Variables | All n = 83 | Choroidal metastases n = 7 | Non-choroidal metastases n = 76 | p-value |
---|---|---|---|---|
Age, years | ||||
Mean | 69 | 56 | 70 | < 10−6 |
Median (IQR) | 69 (60–80) | 57 (50–60) | 71 (61–80) | |
Sex (%) | ||||
Male | 37 (45) | 2 (29) | 35 (46) | 0.45 |
Female | 46 (55) | 5 (71) | 41 (54) | |
Smoking status (%) | ||||
Current smoker | 4 (5) | 0 (0) | 4 (5) | 0.79 |
Former smoker | 35 (42) | 4 (57) | 31 (41) | |
Never smoker | 44 (53) | 3 (43) | 41 (54) | |
Subtype of EGFR mutations (%) | ||||
Exon 19 | 37 (44) | 3 (43) | 34 (45) | 1 |
Exon 21 | 33 (40) | 3 (43) | 30 (39) | |
Others | 13 (16) | 1 (14) | 12 (16) | |
Co-mutation status (%) | ||||
Yes | 52 (62) | 5 (71) | 47 (62) | 1 |
No | 29 (35) | 2 (29) | 27 (35) | |
Unknown | 2 (2) | 0 | 2 (3) | |
Complex EGFR mutations (%) | ||||
Yes | 11 (13) | 2 (29) | 9 (12) | 0.36 |
No | 70 (84) | 5 (71) | 65 (85) | |
Unknown | 2 (2) | 0 | 2 (3) | |
TP53 co-mutation (%) | ||||
Yes | 40 (48) | 4 (57) | 36 (47) | 0.76 |
No | 41 (50) | 3 (43) | 38 (50) | |
Unknown | 2 (2) | 0 | 2 (3) |
IQR interquartile range
EGFR epidermal growth factor receptor
We identified 83 cases of metastatic NSCLC harboring an EGFR mutation (Table 1) in our electronic files during a three-year period. Of these, 20 cases were diagnosed earlier but referred to our Department for treatment during this time period. The other 63 were newly diagnosed NSCLC cases. Main clinical baseline characteristics are summarize in Table 1.

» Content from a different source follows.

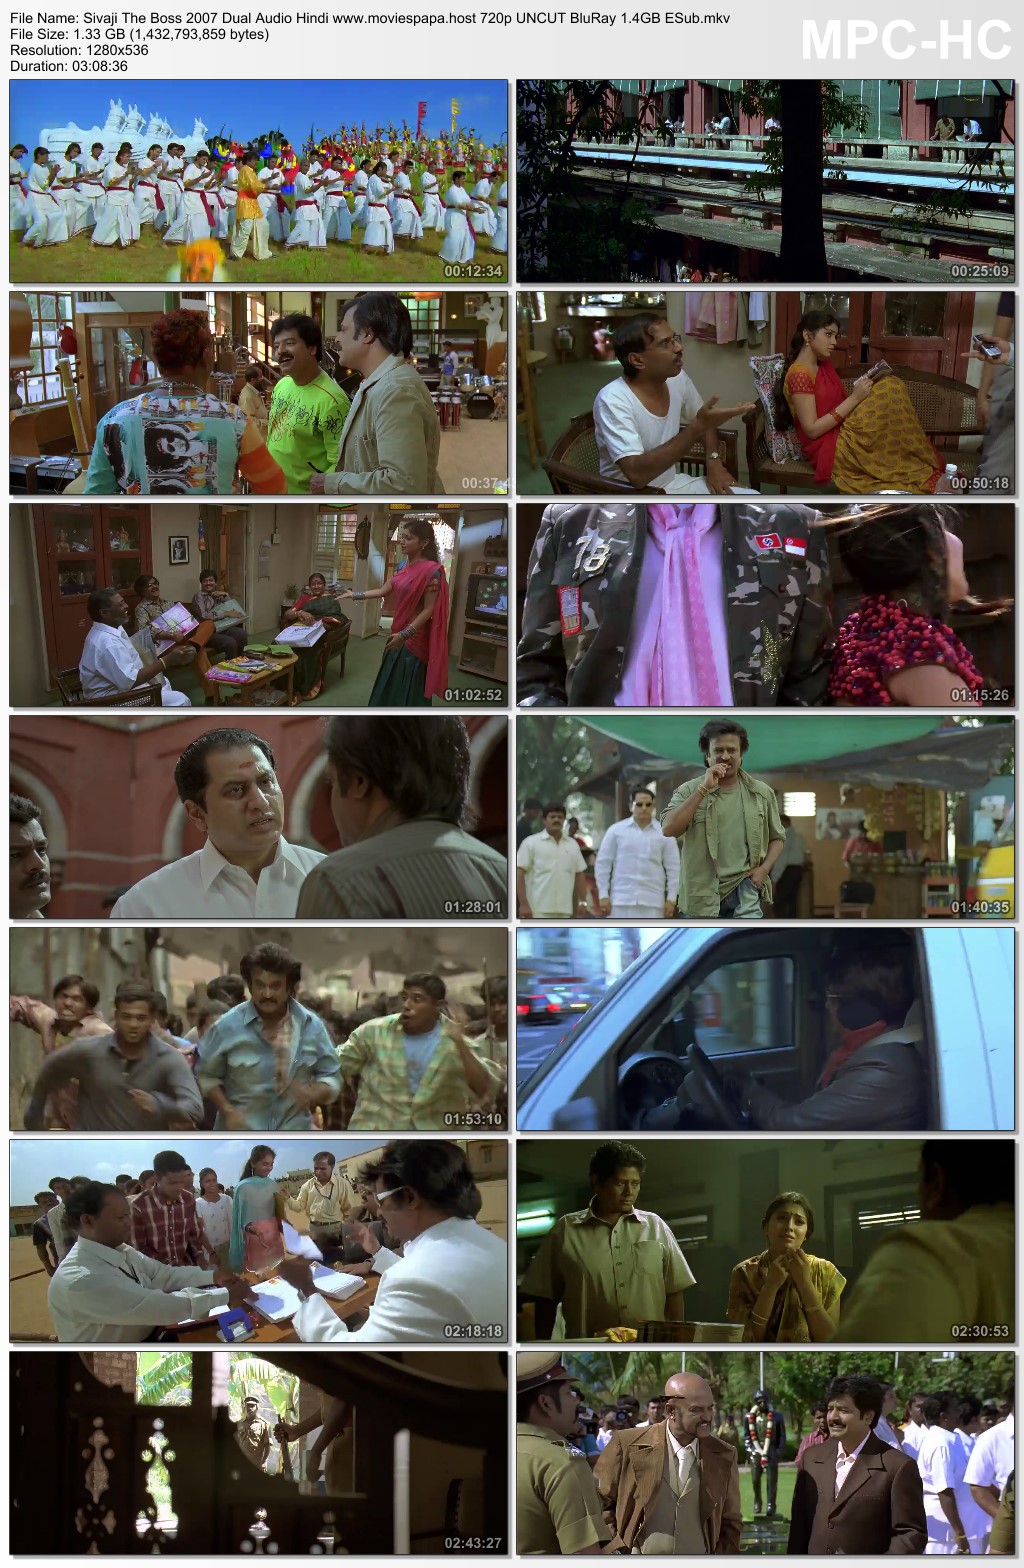 sivaji the boss movie in hindi watch online

Among the 83 EGFR-mutant NSCLC patients, six exhibited choroidal metastases, revealed by visual disturbances. An additional case (Fig. 1) was identified upon a retrospective systematical analysis of all brain MRIs performed by an expert radiologist, resulting in a final number of 7 choroidal metastasis patients (8.4%). This latter patient had no clinical visual disturbances.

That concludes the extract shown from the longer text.